Now you'll be able to diagnose issues ("Why is my deployment not scaling?") by safely inspecting resources, all while adhering to your existing RBAC policies.

Pick #2: Context7 MCP server

The biggest problem with LLMs is that their knowledge is frozen in time. They confidently hallucinate APIs that don't exist and write code for deprecated library versions. For developers, this can be frustrating when using a code assistant, but the Context7 MCP server (Figure 2) solves this by giving your agent access to up-to-date technical documentation on demand.

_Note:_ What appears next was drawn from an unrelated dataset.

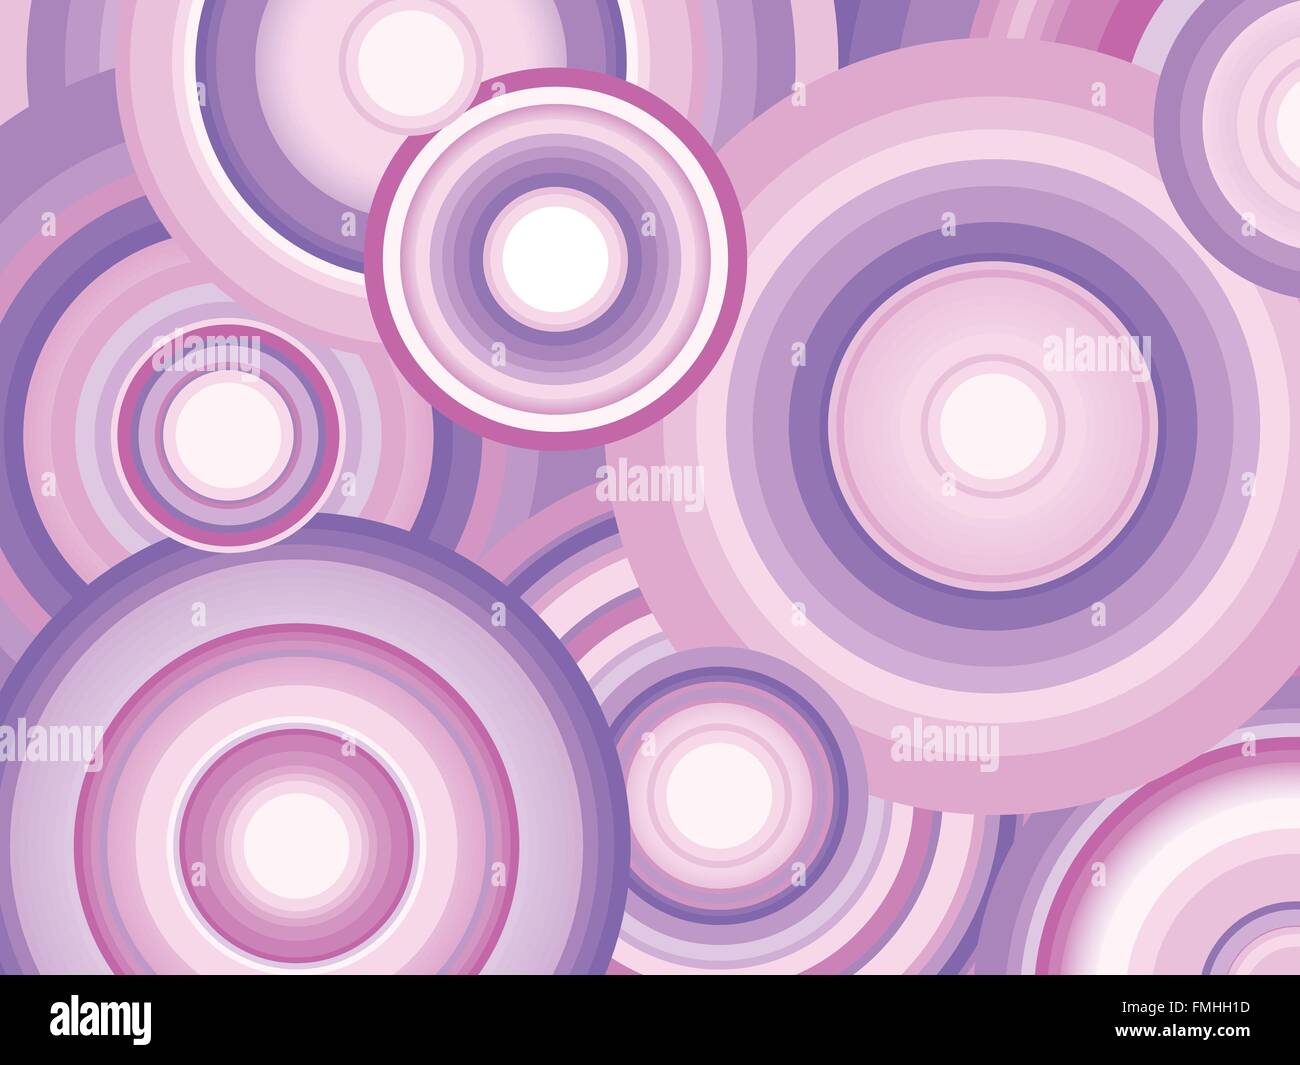 Zusammenfassung Hintergrund mit lila schattierten konzentrische Kreise Stock Vektor

Code assistants, like GitHub CoPilot or Cursor, can use MCP servers to pull in current documentation for the frameworks or libraries that your application is using.
Figure 2: The Context7 MCP server enables code assistants like GitHub CoPilot or Cursor to use MCP servers to pull in up-to-date technical documentation on demand.

Install the Context7 MCP server

To pull in fresh documentation for your projects (for example, I asked “pull recent SvelteKit + TypeScript UI documentation showing best practices for visualizing asynchronous states”), add this MCP server configuration directly to your IDE (such as VS Code or Cursor):

{
  "mcpServers": {
    "context7": {
      "command": "npx",
      "args": ["-y", "@upstash/context7-mcp@latest"]
    }
  }
}

Because it's read-only by design, there's less risk on its own, but be careful when combining this server with a write-capable one (like the GitHub MCP) as Context7 can also support API keys to access private repository docs. 

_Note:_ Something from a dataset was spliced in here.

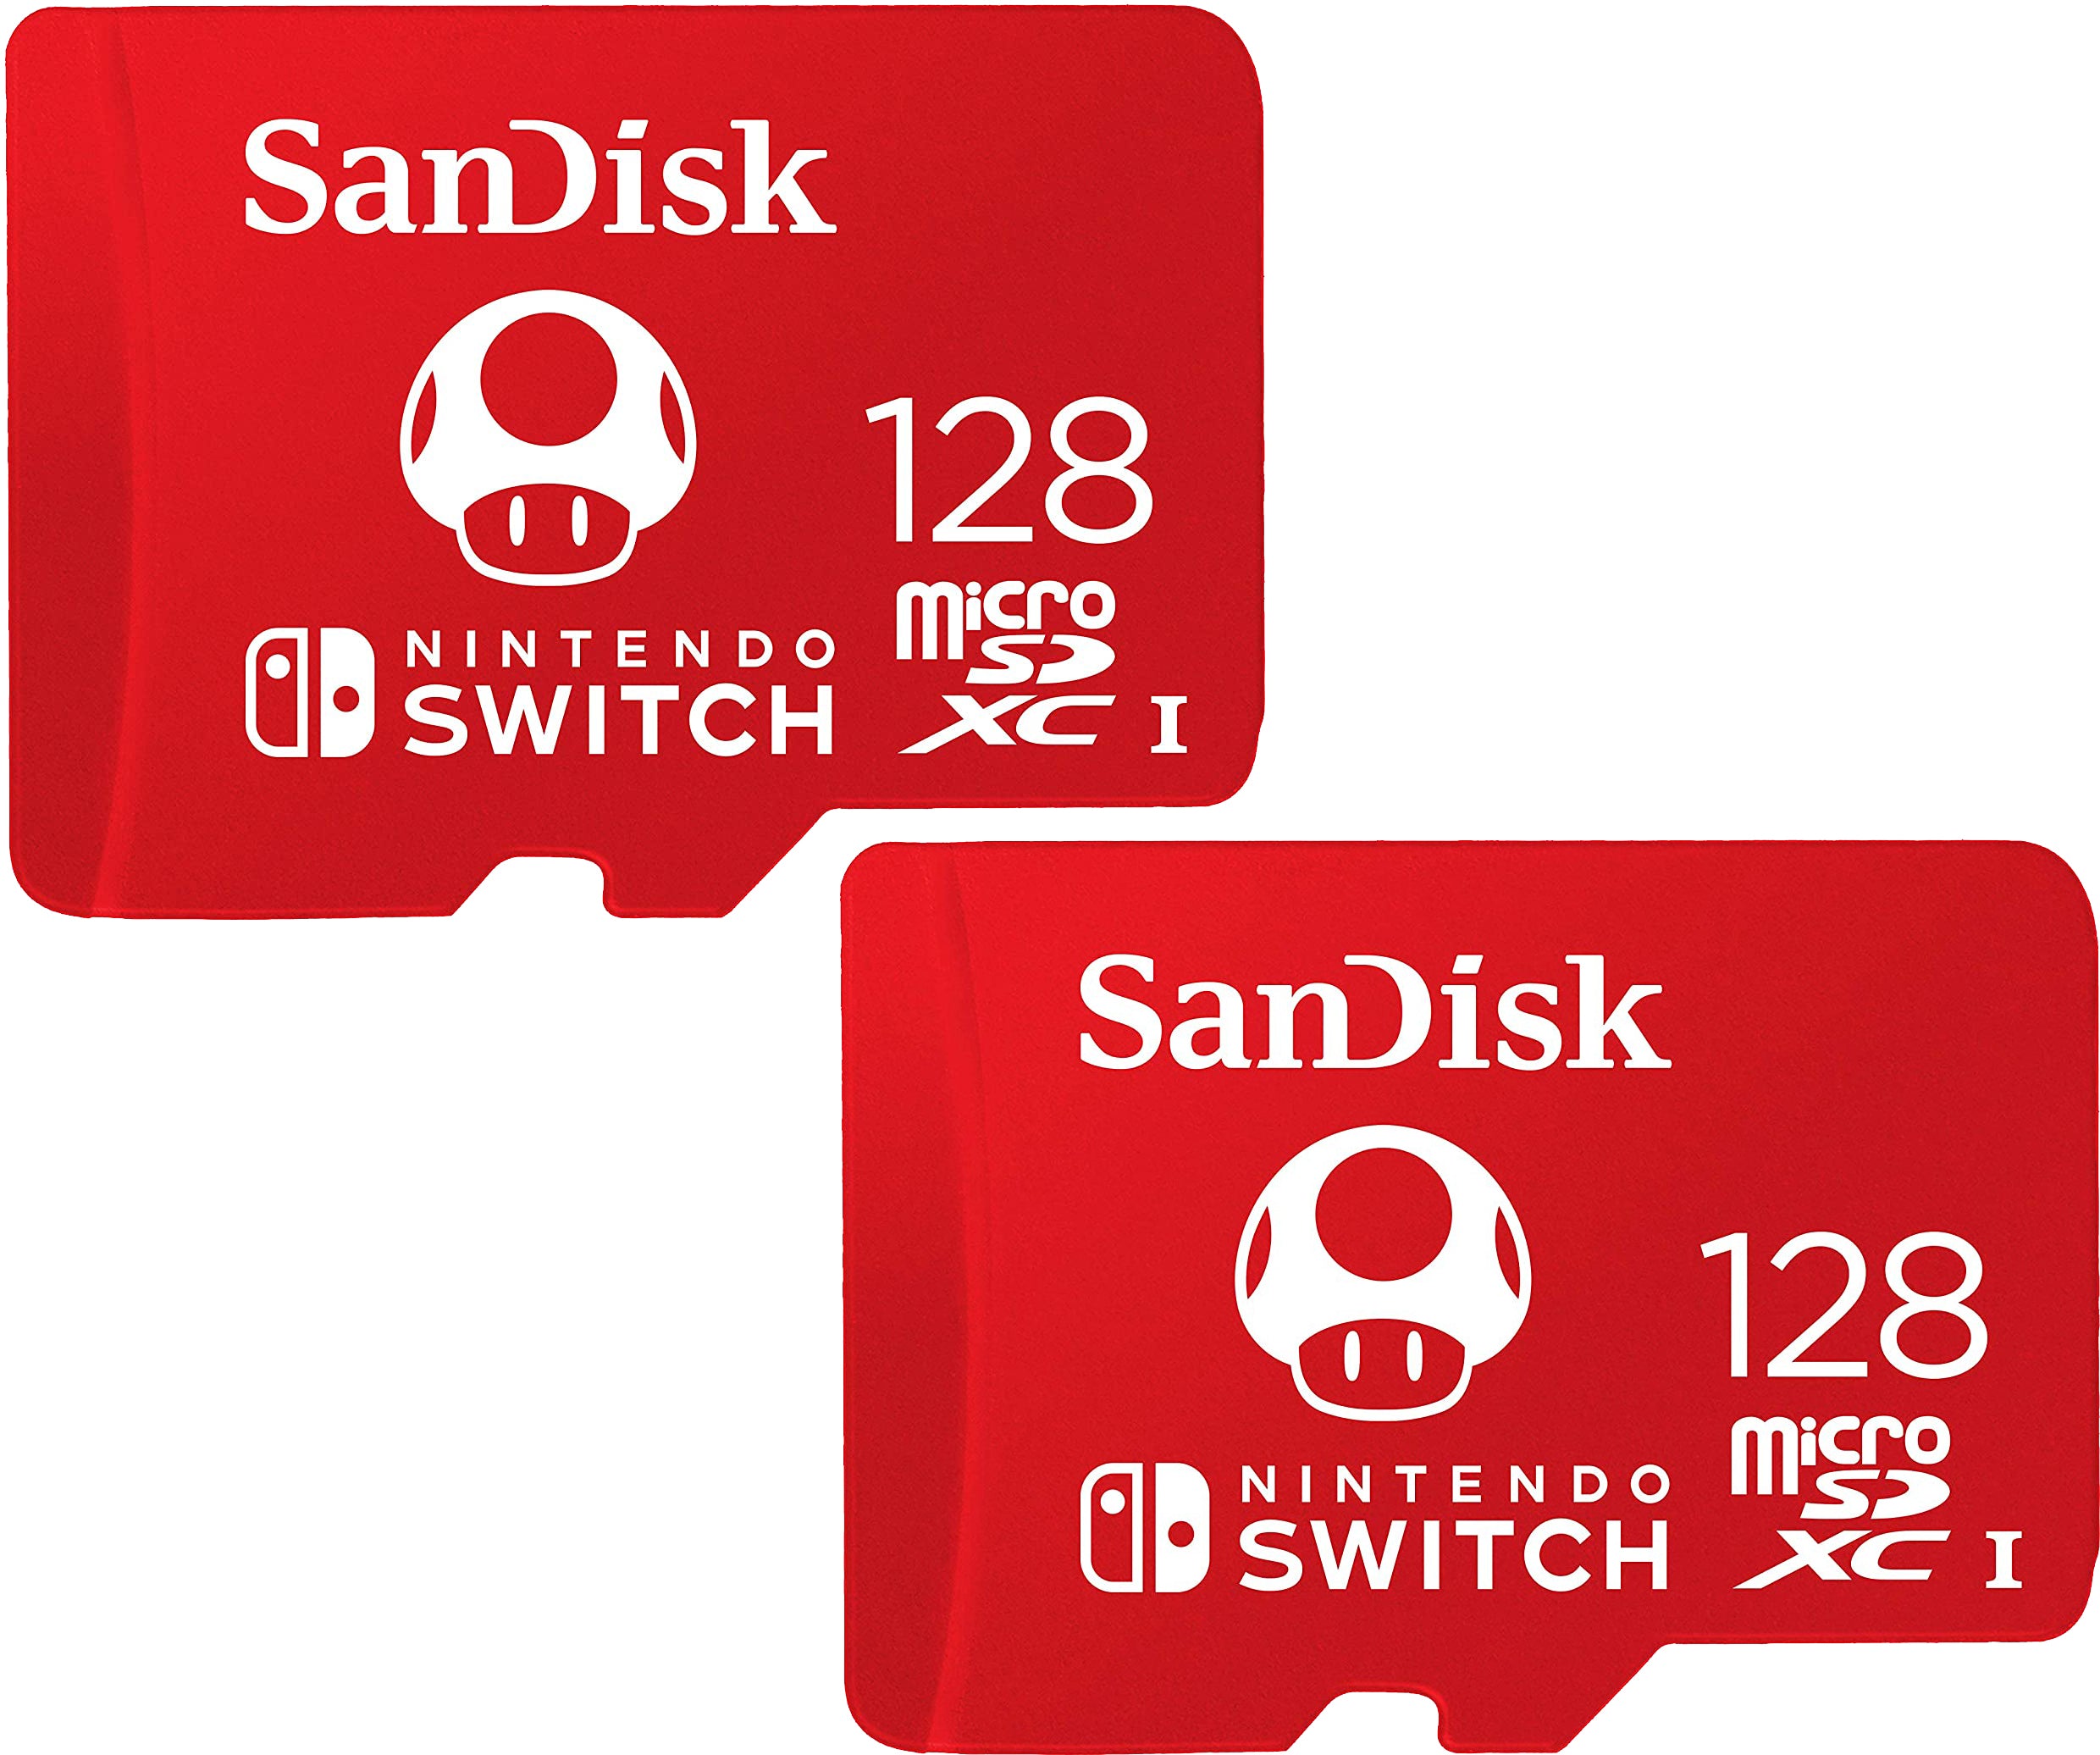 SanDisk 128GB Ultra microSDXC Card

Pick #3: GitHub MCP server

As developers, only a small portion of our work is strictly coding, the rest is PR triage, issue grooming, searching for code, and so on. That's why the official GitHub MCP server makes it easy to interact with your repositories (but I’ve even been using it for CI/CD, to understand why my GitHub Actions are failing).

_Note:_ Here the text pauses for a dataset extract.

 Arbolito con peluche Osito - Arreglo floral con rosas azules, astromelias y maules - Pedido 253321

Manual interaction with platforms and services can be tiring, so the GitHub MCP server allows retrieval of data using natural language.
Figure 3: Interacting with the GitHub MCP server using natural language.

Install the GitHub MCP server

With this specific MCP Server, it's recommended to use a specific personal access token with minimum scopes. Start with repo:read and read:org, and ensure that you have human approval for any write action.

{
  "mcpServers": {
    "github": {
      "url": "https://api.githubcopilot.com/mcp/",
      "headers": {
        "Authorization": "Bearer YOUR_GITHUB_PAT"
      }
    }
  }
}

Now you can query GitHub (and your unique projects) using natural language, like "summarize the last 5 issues opened in the podman-desktop repo and draft a thank-you comment for any first-time contributors".

Conclusion

By using a single MCP server, or multiple MCP servers, in your agentic AI workflow, you may see faster troubleshooting, smarter code assistants, and fewer manual interactions with your commonly used services. Be cautious with the control your agentic application has, there have been instances where AI-powered tools have deleted an entire database. Start small, then scale up, with approval workflows and sensible guardrails.

By deploying these tools with care on a trusted, hybrid platform like Red Hat OpenShift AI, you can build powerful and cost-efficient agentic AI systems in production, thanks to open standards like MCP and the broader open source ecosystem.